- PROBLEM DETAILS
The answer must consist only of the lines from the line with "The Yonkers Municipal" to the line with "Sign for Michael", both included, exactly as they stand below.

- AVAILABLE RECORDS
★ ★ ★ ★ ★

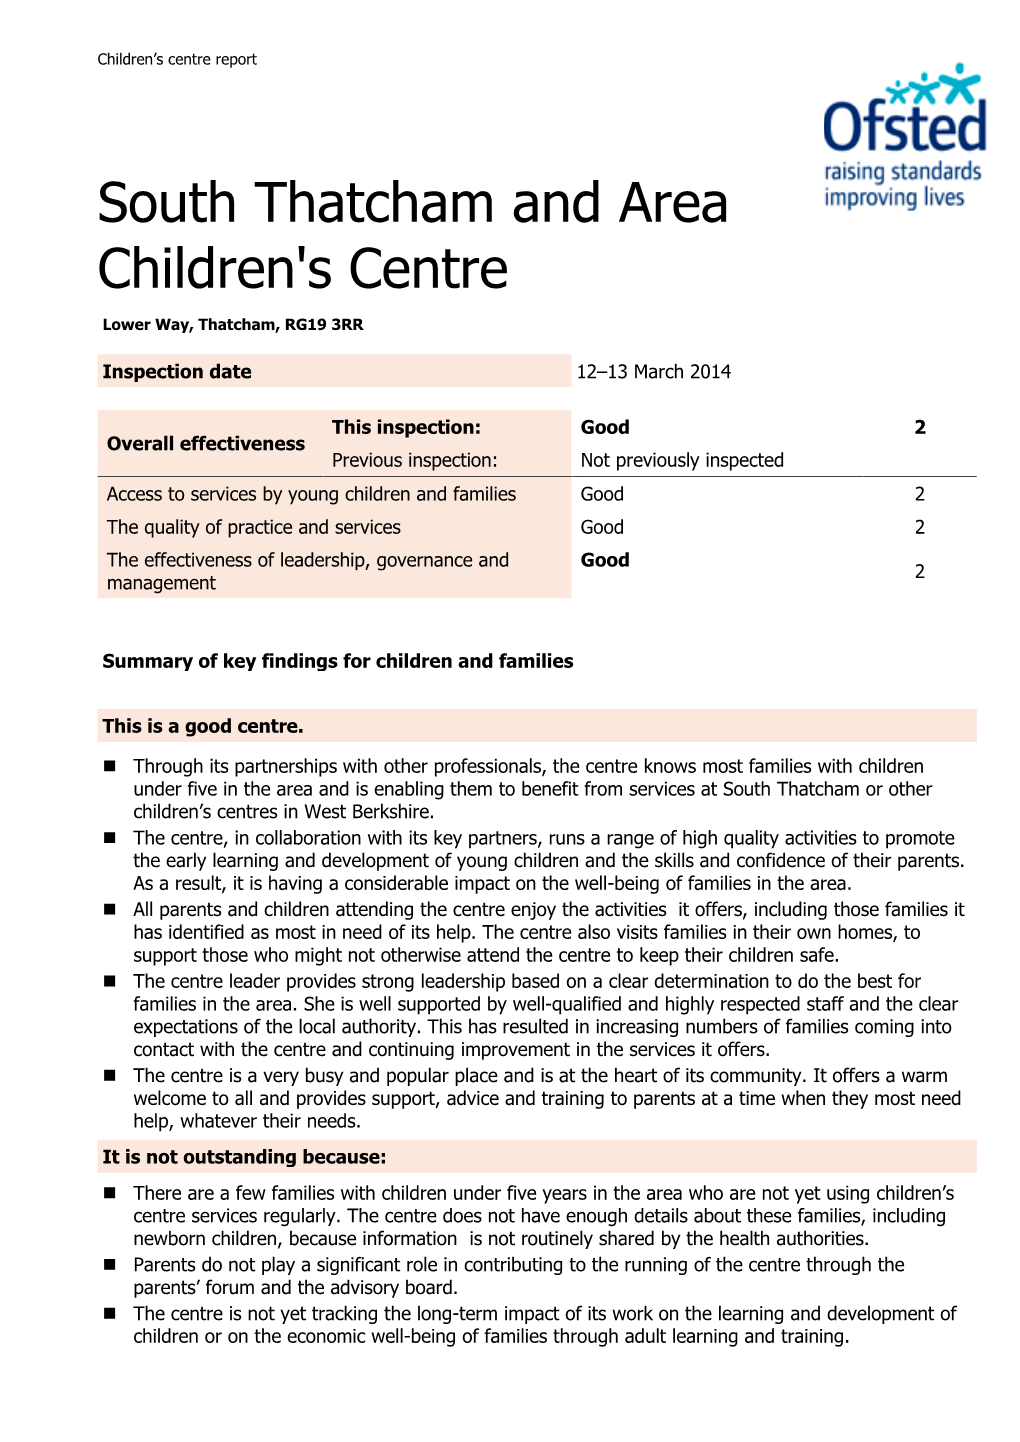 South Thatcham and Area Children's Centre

★ ★ ★ ★ ★

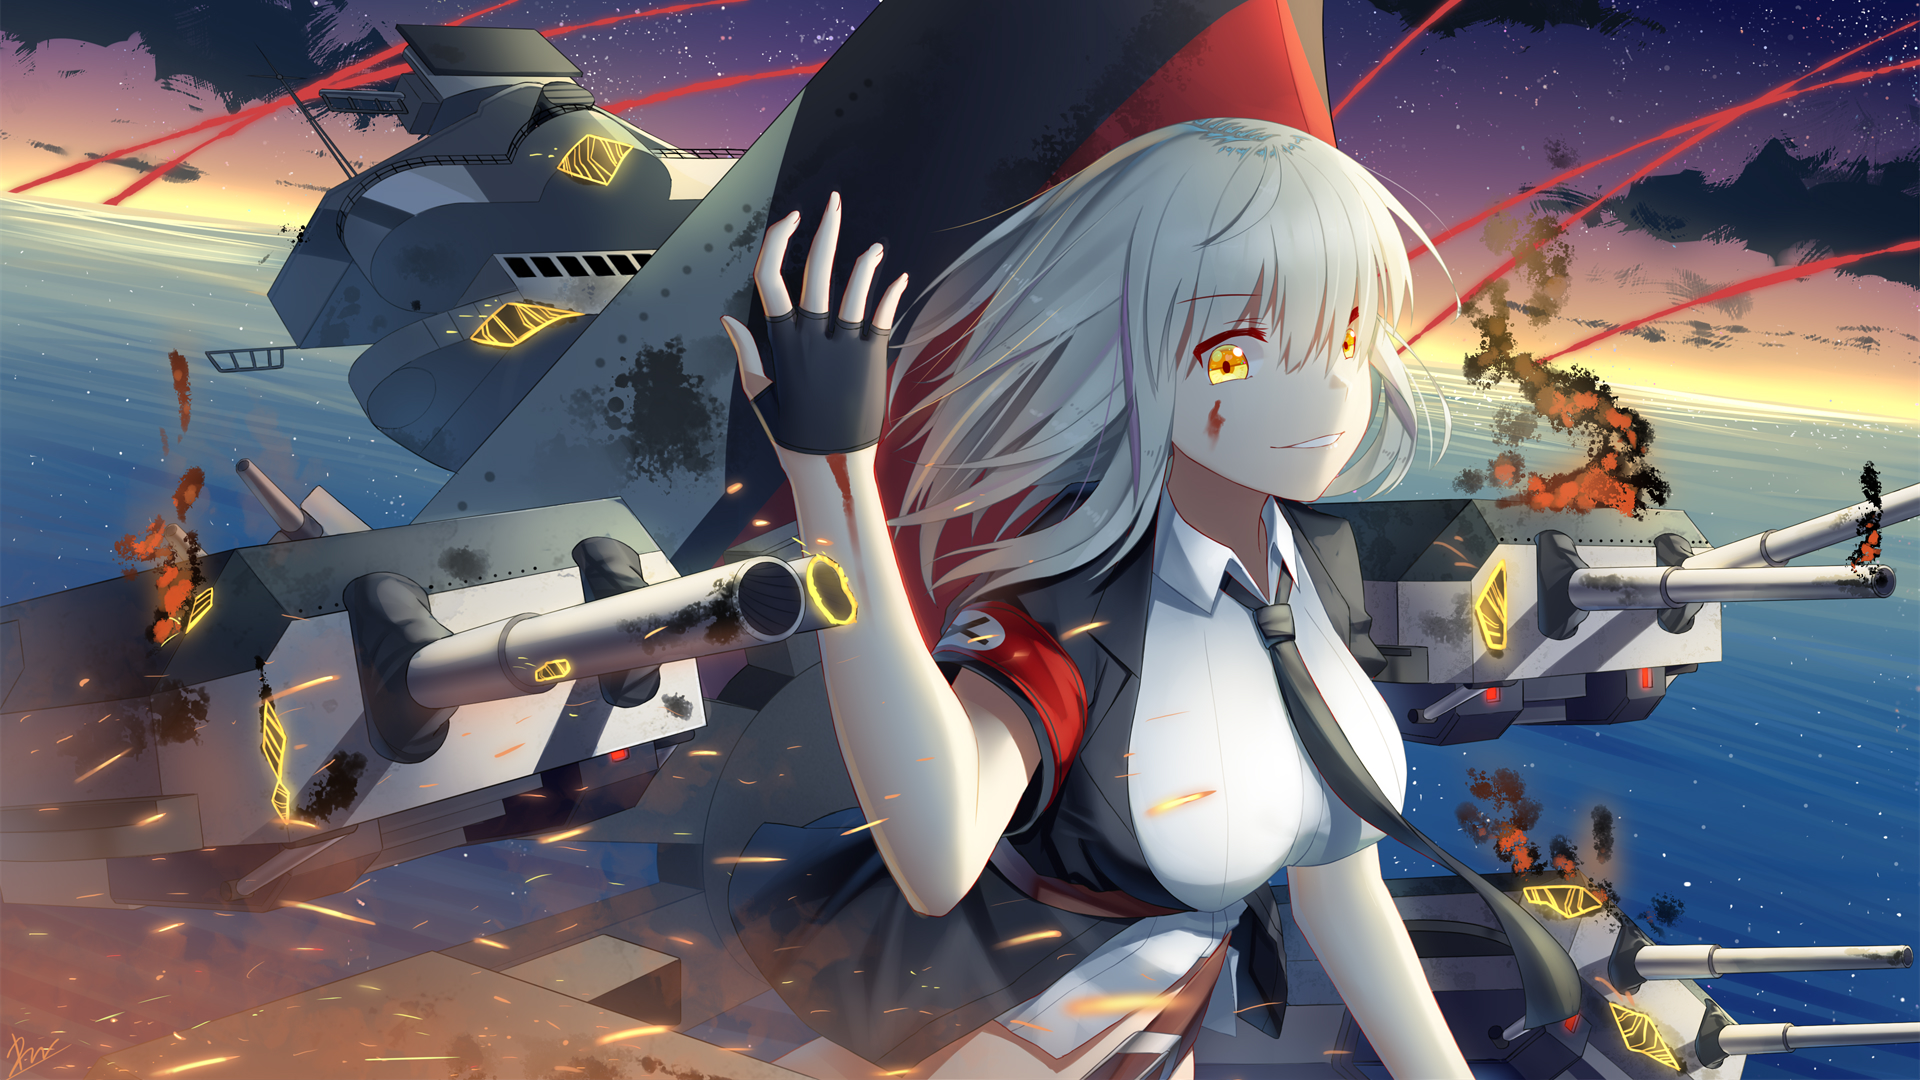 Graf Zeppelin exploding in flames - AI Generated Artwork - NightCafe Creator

★ ★ ★ ★ ★

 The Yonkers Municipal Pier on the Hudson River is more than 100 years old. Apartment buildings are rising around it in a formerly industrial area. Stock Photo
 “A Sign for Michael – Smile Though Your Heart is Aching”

★ ★ ★ ★ ★

- YOUR RESPONSE
 The Yonkers Municipal Pier on the Hudson River is more than 100 years old. Apartment buildings are rising around it in a formerly industrial area. Stock Photo
 “A Sign for Michael – Smile Though Your Heart is Aching”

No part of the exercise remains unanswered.